▶ [WHAT YOU HAVE TO DO]:
Down to the last line below, write out every line exactly, starting with the one that contains "Authentic Antique Map: I." and leaving out the pictures.

▶ [SUPPLIED DATA]:
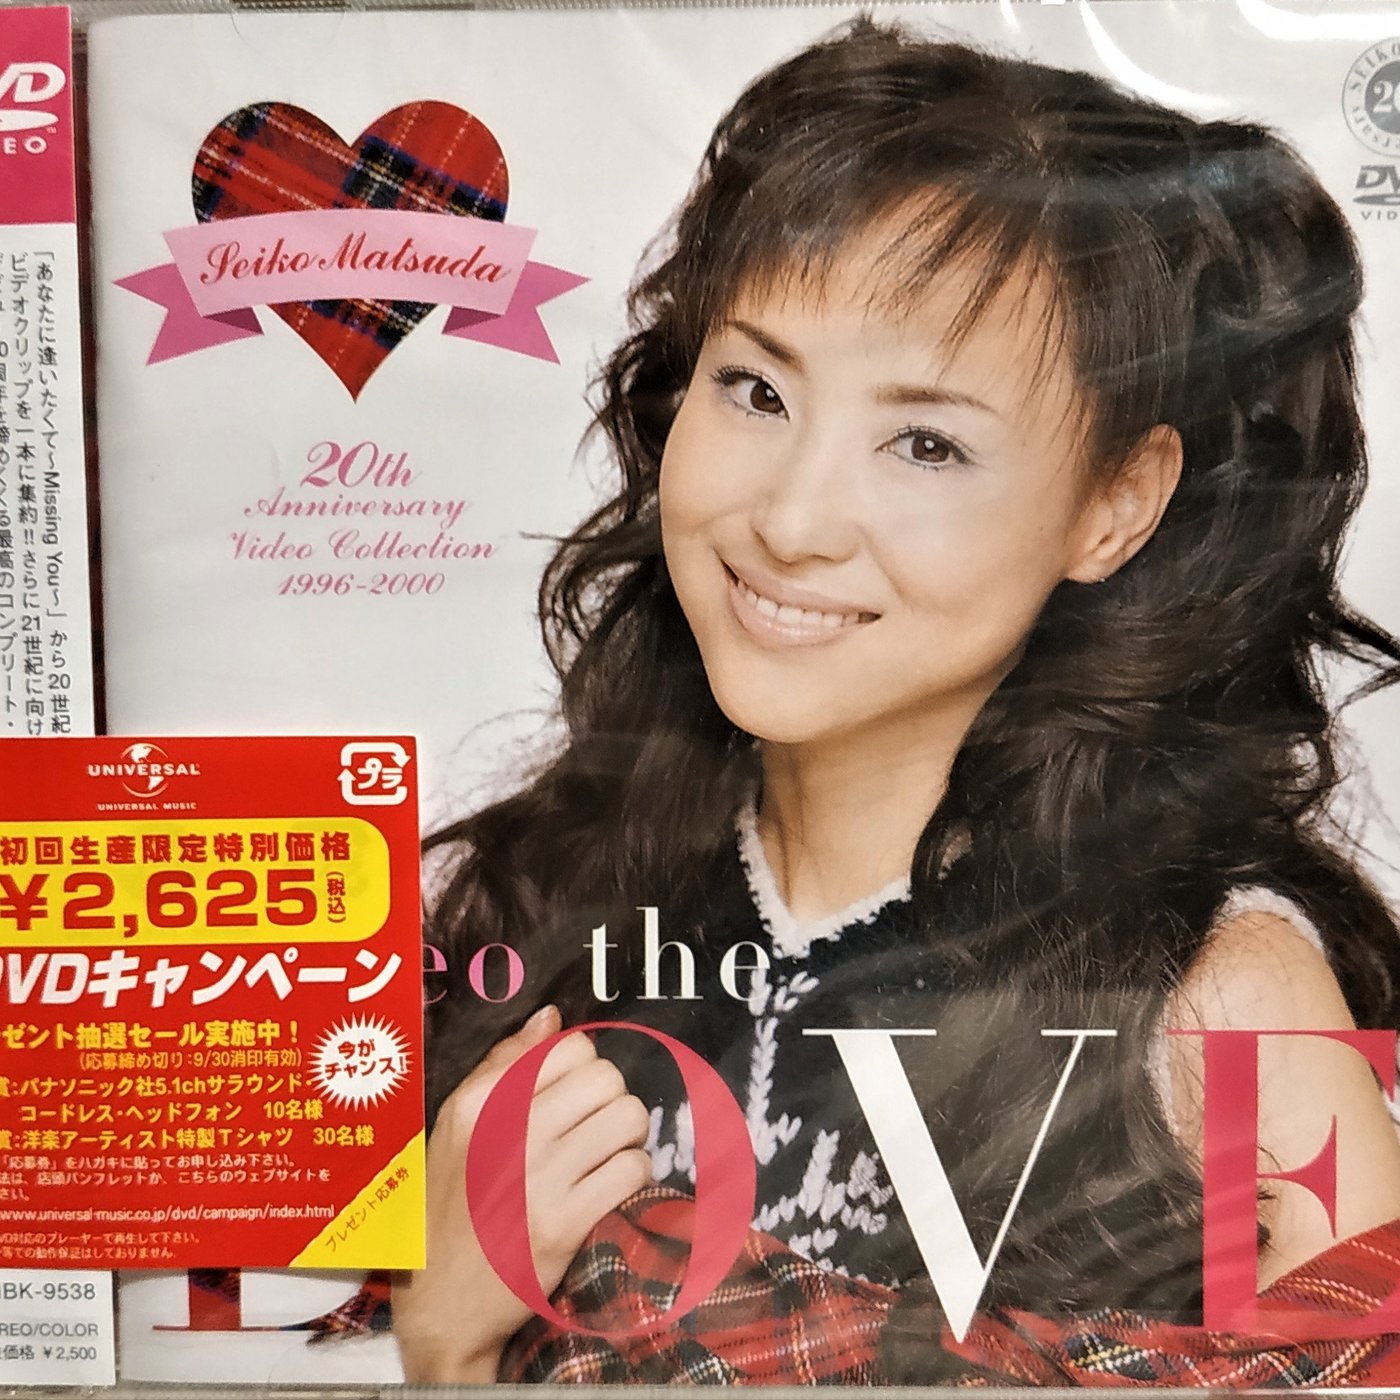 松田聖子~ Video the LOVE ～Seiko Matsuda 20th Anniversary DVD 
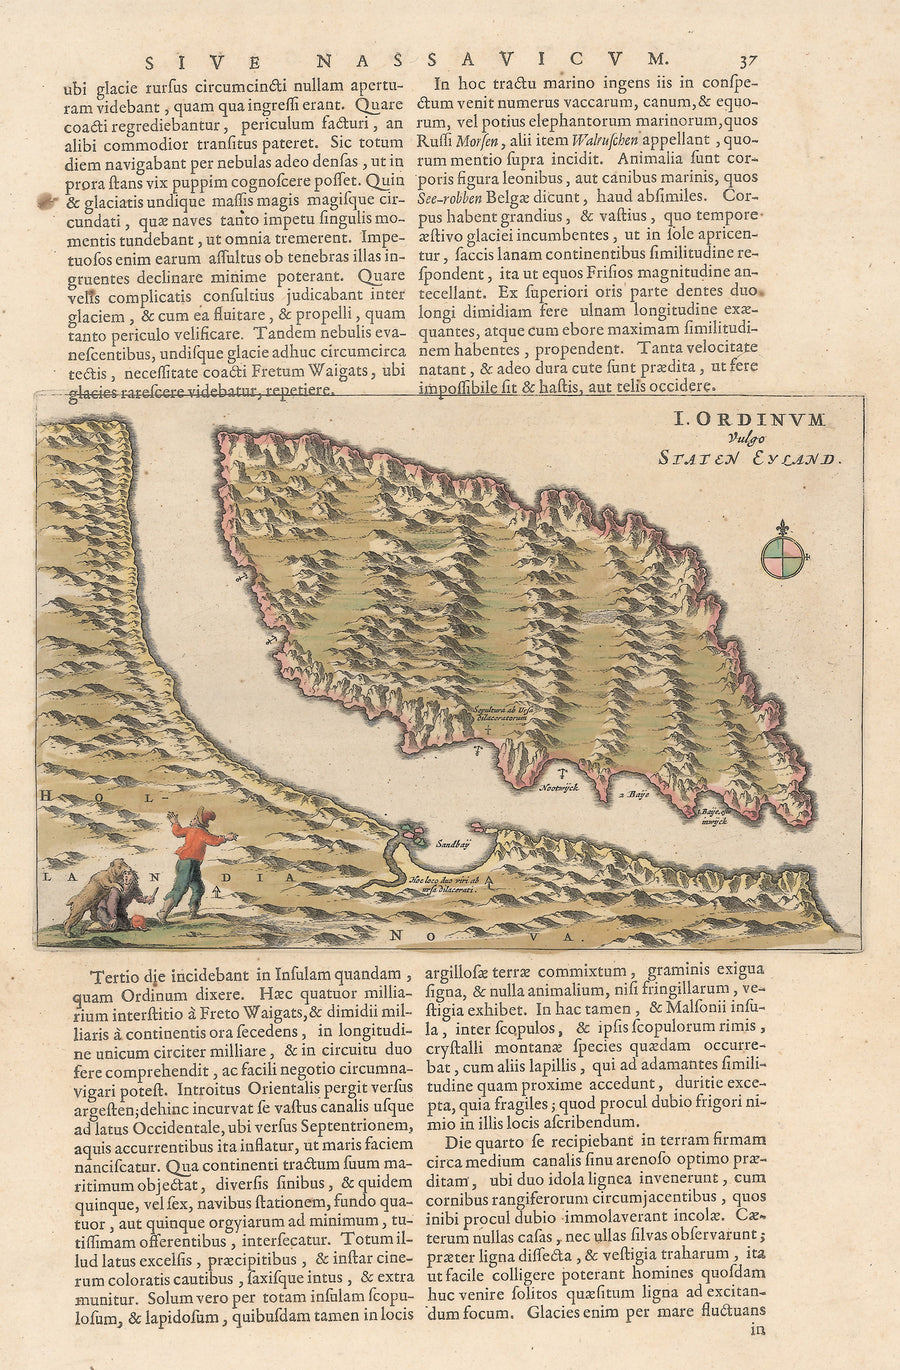 Authentic Antique Map: I. Ordinum Vulgo Staten Eyland  Map Maker: Willem Blaeu  Date: 1665 (Published) Amsterdam  Dimensions: 6.7 x 9.8 inches (17 cm x 24.9 cm) 
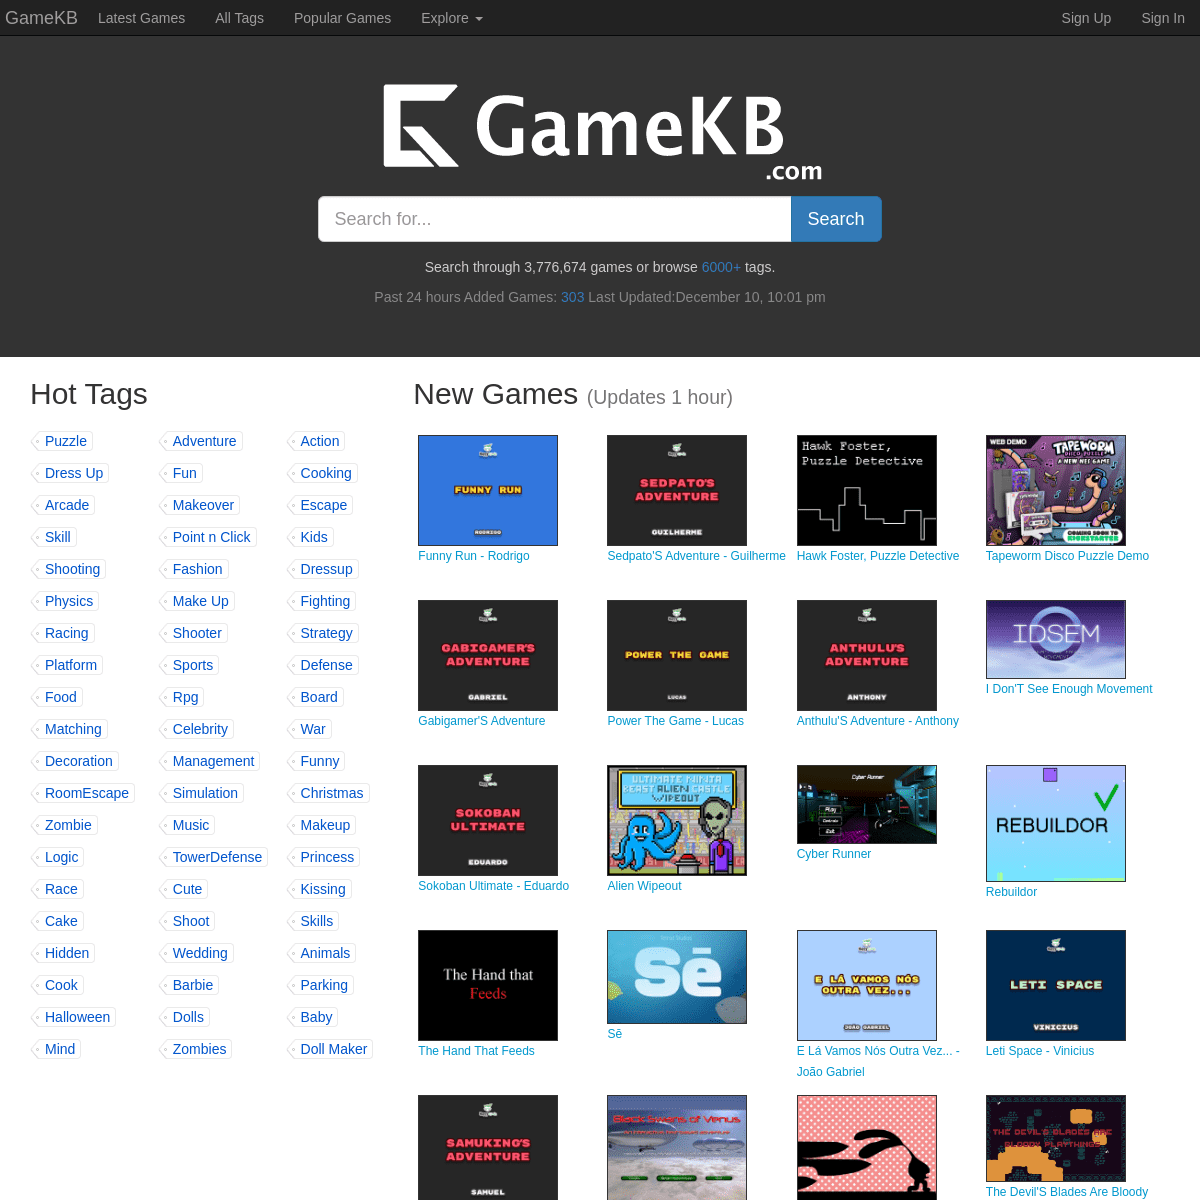 A complete backup of gamekb.com

▶ [RESULT OF THIS EXERCISE]:
 Authentic Antique Map: I. Ordinum Vulgo Staten Eyland  Map Maker: Willem Blaeu  Date: 1665 (Published) Amsterdam  Dimensions: 6.7 x 9.8 inches (17 cm x 24.9 cm) 
 A complete backup of gamekb.com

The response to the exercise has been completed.